Hacker News new | ask | show | jobs
by joelwilsson 3143 days ago
BigQuery uses a lot of tricks to get efficiency, but this post emphasizes Apache Arrow and open data formats like it as the way forward (in particular the last point, "Be open, or else…") which are not currently supported by BigQuery.

If Apache Arrow takes off I hope BigQuery will support it as a data interchange format in the future. Zero-copy is pretty awesome, as are open standards in general. This feature does not exist in BigQuery today (as far as I know - definitely not as discussed in the source).

1 comments

One thing people commonly miss about this is this is all meaningless if you don’t have the corresponding runtime integration, and these techniques very much imply co-design, and therefore tight coupling, between the format and the runtime.
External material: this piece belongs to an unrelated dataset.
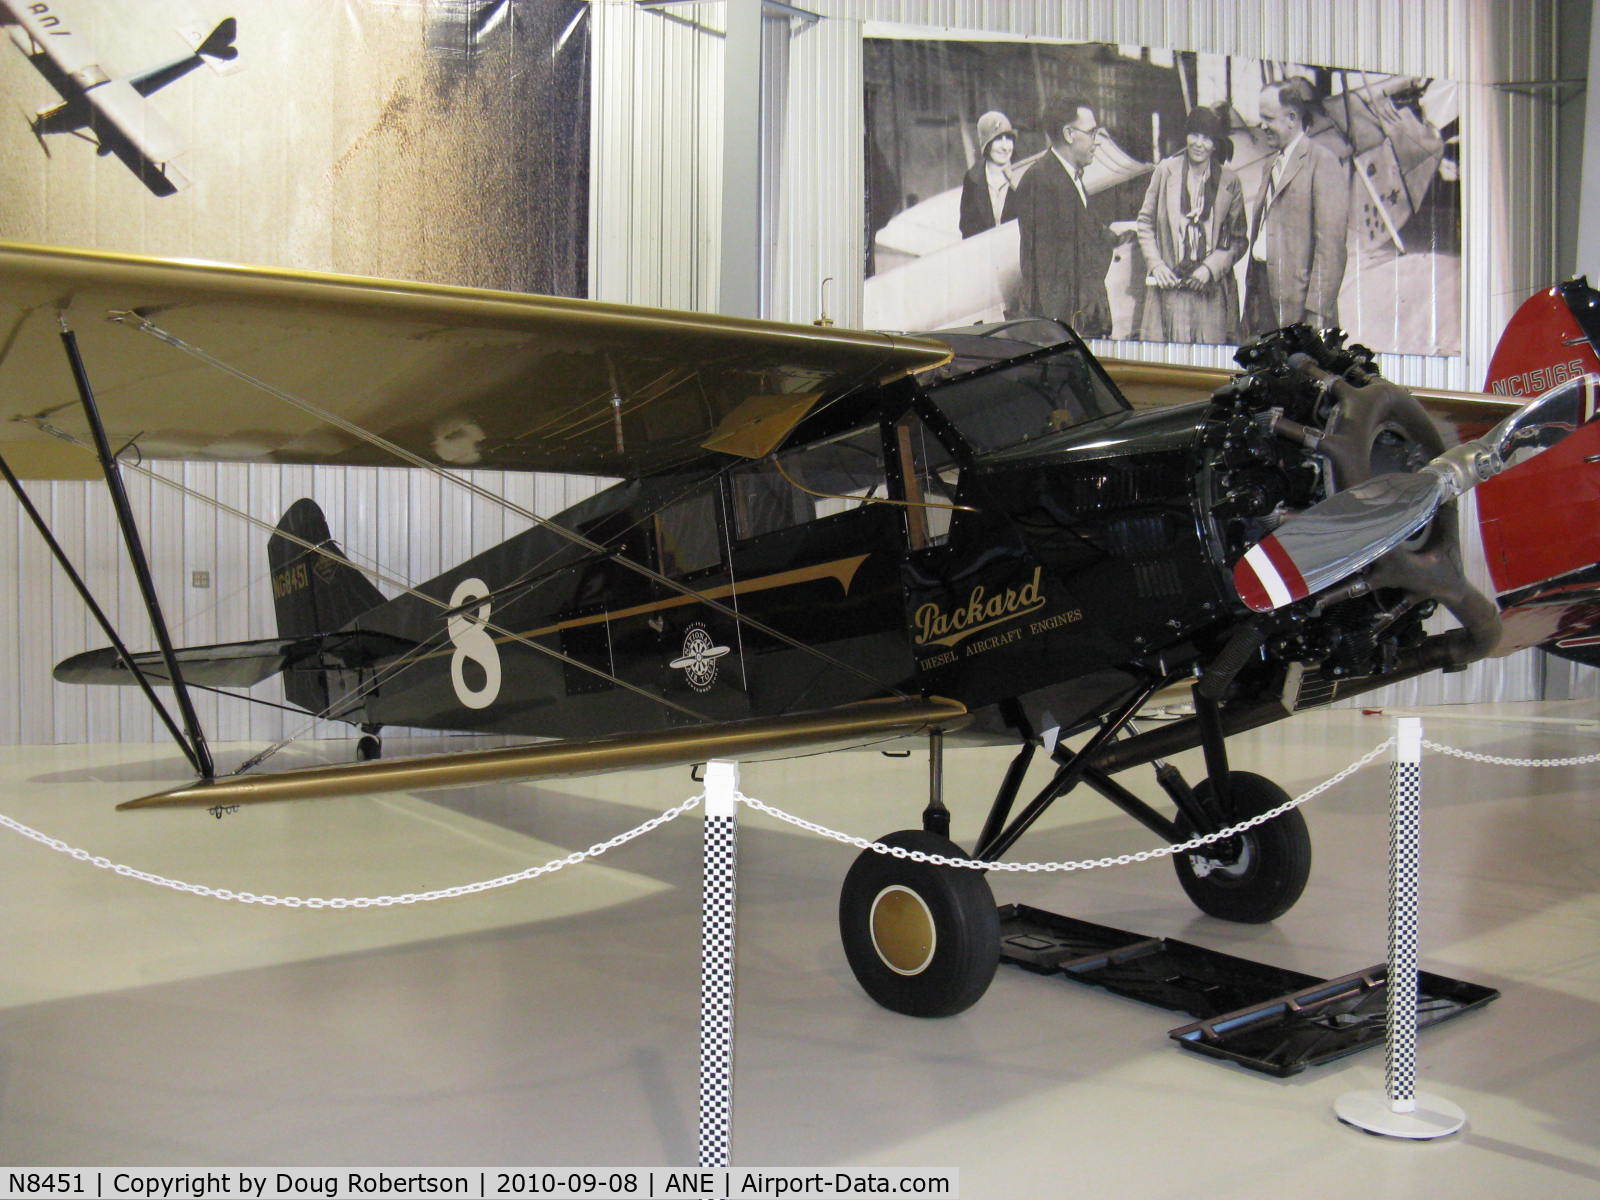 N8451, 1929 Buhl CA-3E C/N 57, 1929 Buhl CA-3E SPORT AIRSEDAN, Curtiss-Wright R-975-28 derated to 330 Hp, at Golden Wings Museum

To give a concrete example, to make any of this efficient and fast you must have predicate pushdown directly into decoder such that filters could skip the data they don’t need to decode. Some aggregations could be handled the same way.

So it’s a little incorrect to think of this as a “file format” in the first place. If you end up designing it like that, you’d not be able to have a lot of the gains that the Abadi paper (and others like it) alludes to. My suggestion would be to go whole hog and push down as much filtering and aggregation in there as is feasible, exposing a higher level interface with _at least_ filtering predicate support, and do it in C++.